Conditions of Knowledge: Photographic Material and the Process of Order

  • Joanna Vestey

    Student thesis: Doctoral Thesis

    Abstract

    This thesis deals with photography and its relationship to the condition of knowledge. With the discovery of photography in the 1830s came the promise of a new visual language, the creation of a new visual order and the proposition of a new way of ‘knowing’. Here, I identify that the advent of the microchip brought in similarly seismic social, cultural and technological changes, the magnitude of which compares to that earlier seismic change and is like no other development since. Through positioning photography as inherently bound up with these transformational moments, my research asks: what can the medium itself be tasked to reveal about them, and can I find a photographic form
    to speak of these transformations? Where it was initially feared that the latter paradigm shift would bring about an obsolescence or a ‘death’ of the medium, instead we find ourselves increasingly deluged by ubiquitous imagery and information in a time increasingly referred to as after, beyond or post-photographic.

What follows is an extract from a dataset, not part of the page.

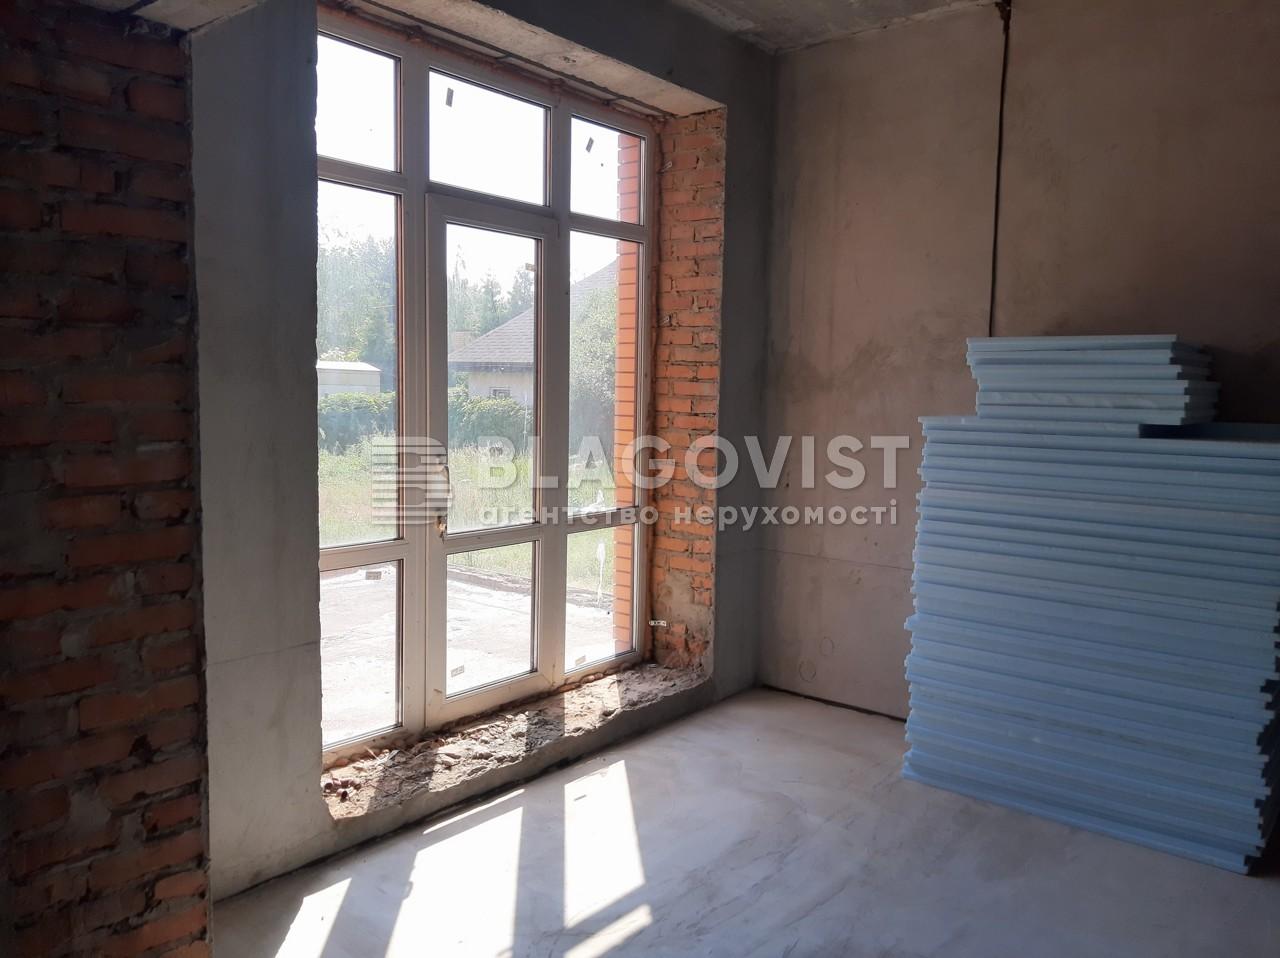 Дом R-10406, Набережная, Вишенки - Фото 3
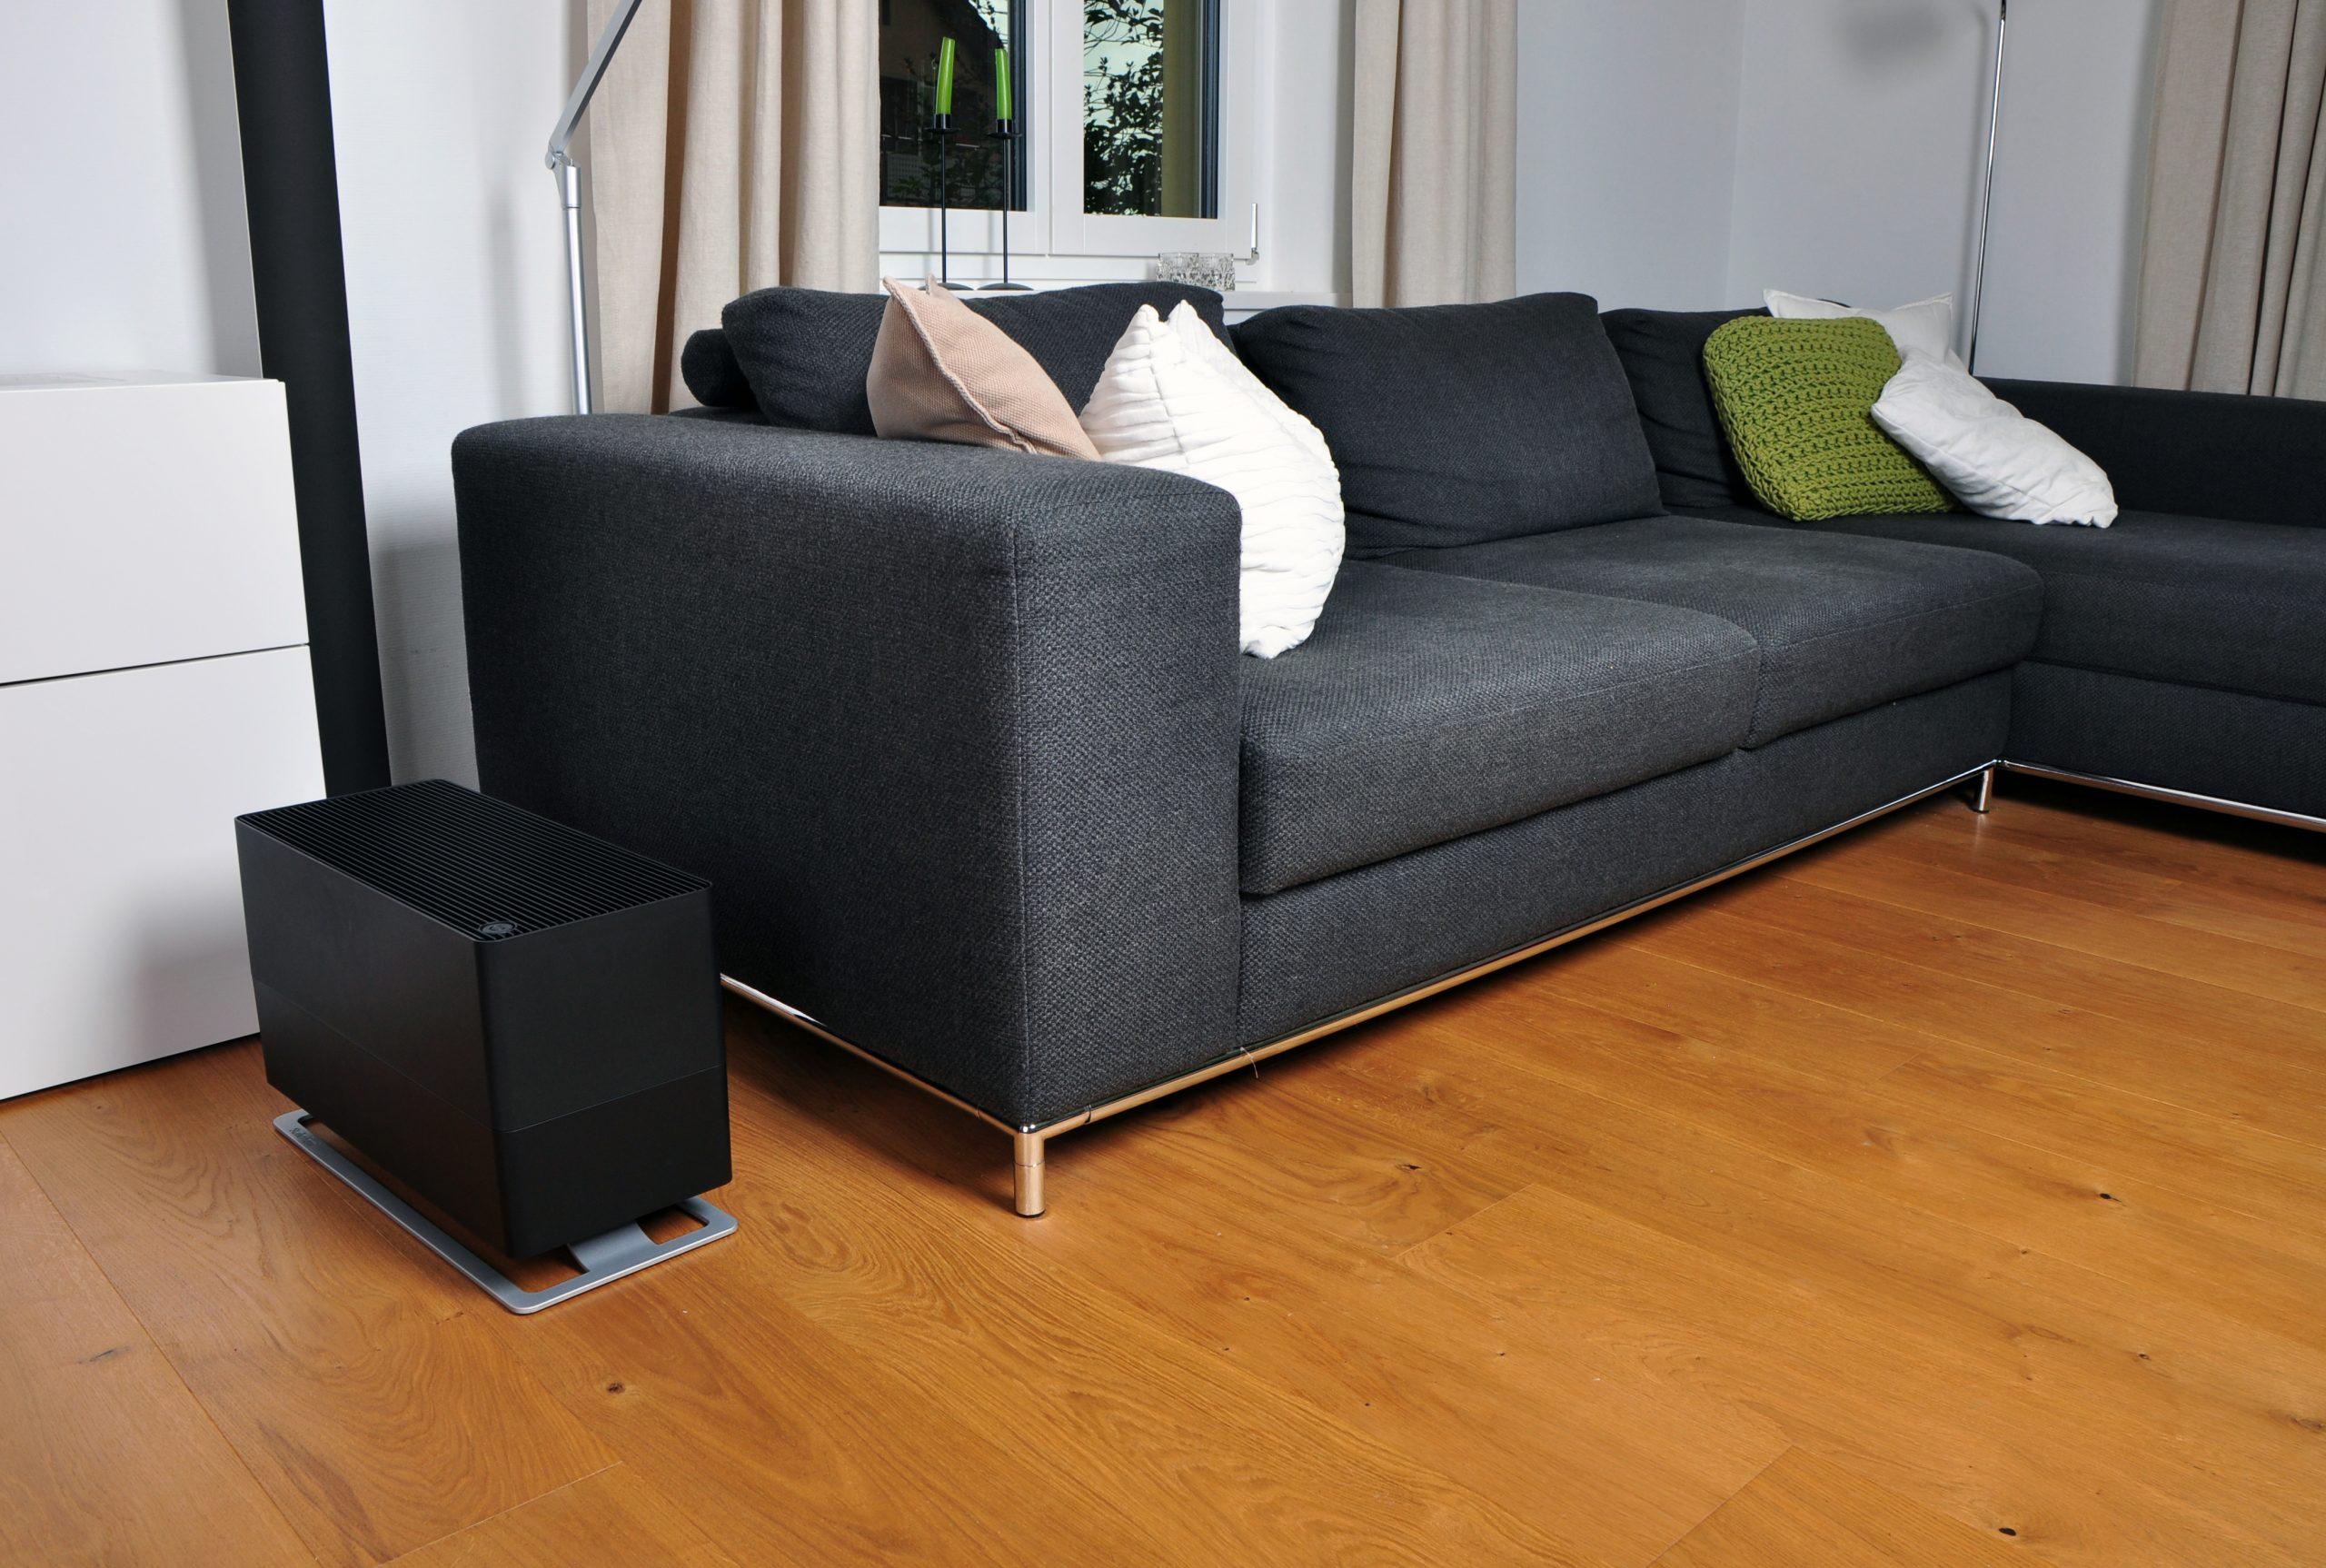 Традиционный увлажнитель воздуха Stadler Form Oskar Big Black лайфстайл2

    At the core of my argument, I identify a shift in material presence as being at the heart of the changes we are witnessing. My research takes Oxford, England as its focus, with its tangible structures of academia, from libraries and lecture theatres to repositories and cabinets, in speaking of the move from a print culture to the immaterial. In response I shape a line of enquiry that researches how knowledge is now ‘handled’ given the ephemeral nature of electronic media. William Henry Fox Talbot used an image from Oxford as the inaugural image in the first ever photographically illustrated book and this I take as my point of departure. I draw on Geoffrey Batchen’s research that
    specifically narrates the emergence of the medium, and use the work of Joan Fontcuberta to understand the position of photography now. I argue for a reading of this journey as being one of linear travel despite being punctuated by apparent ruptures. For this, I propose a return to the 1960s to understand
    the conceptual origins of photography rather than turning to the notion of the digital itself.
    Date of AwardDec 2018
    Original languageEnglish
    SupervisorMark Durden (Supervisor) & Lisa Barnard (Supervisor)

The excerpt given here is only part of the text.